Saturday, October 31, 2015

The Saints

Catherine of Siena
When consideration conversion from a Protestant religion to Catholicism, you are likely going to have well-meaning people ask you questions about Mary and the Saints. This query--or even warning--likely centers around the concern that the display of images of saints and praying to saints is idolatrous. I believe this misguided concern stems from a lack of understanding. When we as Catholics "pray to" a saint, we are not praying to them instead of praying to God; rather, we are praying for them to intercede for us. Yes, we can and we do pray directly to God. After all the "Our Father"--also known as the Lord's Prayer--is part of our regular observations.

I have always loved the saints, especially Saint Mary Magdalene and Saint Catherine of Siena, so it has been exciting for me to get to know more about them. Still, the first time I heard the "Hail Mary," I found it very confusing. It was at a Catholic rosary service for a friend's mother, who had died. As they repetitively recited the prayer, I didn't really understand it:
Madonna and Child

(Virgin Mary and Jesus)
by Louis Cranach the Elder
"Hail Mary, full of grace, The Lord is with thee. Blessed art thou among women and blessed is the fruit of thy womb, Jesus. Holy Mary, Mother of God, pray for us sinners now and at the hour of our death. Amen."
All I heard was people crying out and not being heard. I misunderstood the meditative consolation of the repetition. More importantly, I did not fully notice the final request: "pray for us."

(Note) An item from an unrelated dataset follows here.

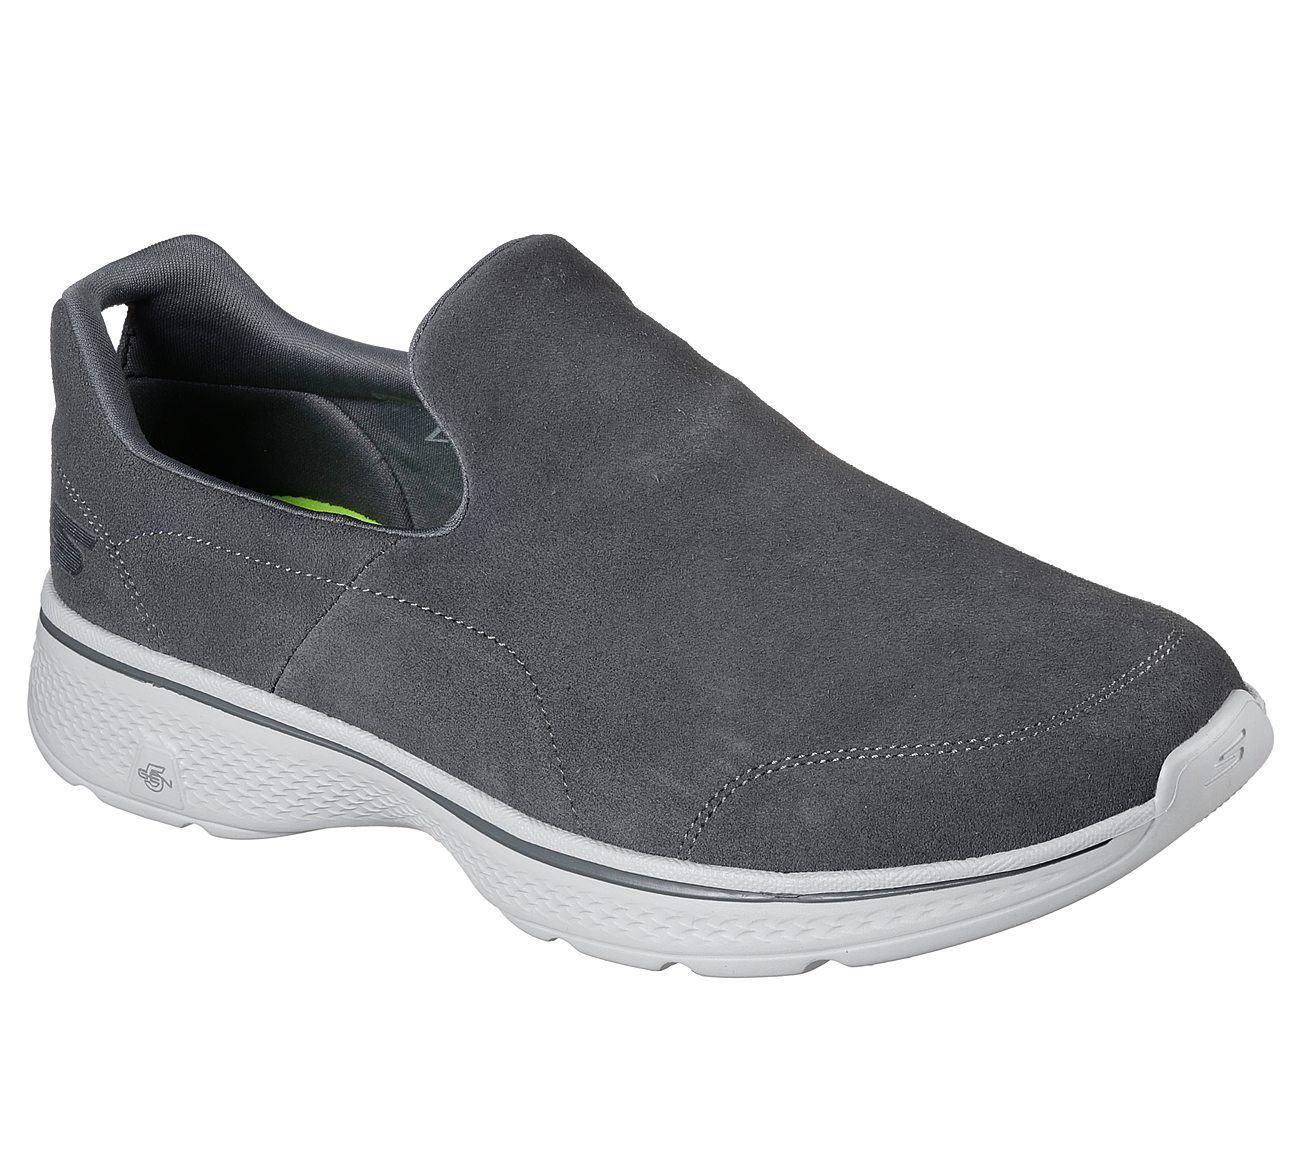 Skechers Hombre Go Walk 4-experiencia Smart Casual Zapatos/Entrenadores en carbón

Tonight, as my husband and I attended Mass on the eve of All Saints Day (more commonly known as Halloween), we sang the Litany of the Saints. In this observation, the cantor calls out to a list of saints, starting with the Virgin Mary and sorting through the Apostles, early martyrs, and others. After each saint's name is called, the congregation responds, "Pray for us." Tonight, after the list of traditional saints had been recited, the cantor began calling the names of people who had died in our parish over the last year. The first name called was my mother-in-law, who passed away on her birthday just before Christmas. "Helen Ciucevich," the cantor sang. "Pray for us," the whole congregation responded. It took me by surprise. I slumped back in the pew and quietly cried as they continued to call upon the others we had "lost."

It is the power of this moment that is so comforting. Helen is not "lost" to us; she is still a part of our lives and of our family in Christ. Just as my own Protestant mother sometimes talks to her own departed mother, we all can still talk to Helen and to the saints. My prayer tonight for Helen to pray for me and for us is really no different than when my mother says, "Mama, help me get through this," on a difficult day.

Most Protestants believe in everlasting life and the idea that the children of God all become "saints." If I can ask my living brothers and sisters to pray for me, then I should also be able to ask the same thing from those who have passed on.

And, just as I can look to others in our Christian family as role models and sources of inspiration, so too can I examine the lives and works of those who are no longer on this Earth; whether they have been canonized by the Church or not.  As our pastor said during his homily tonight, "the saints are not  perfect," they were human, after all, but if I can draw strength, or courage, or learn how to be more loving, more faithful and more gracious from their example, why would I not wish to do that.

And, if they and others will pray for me, I will humbly accept any help I can get.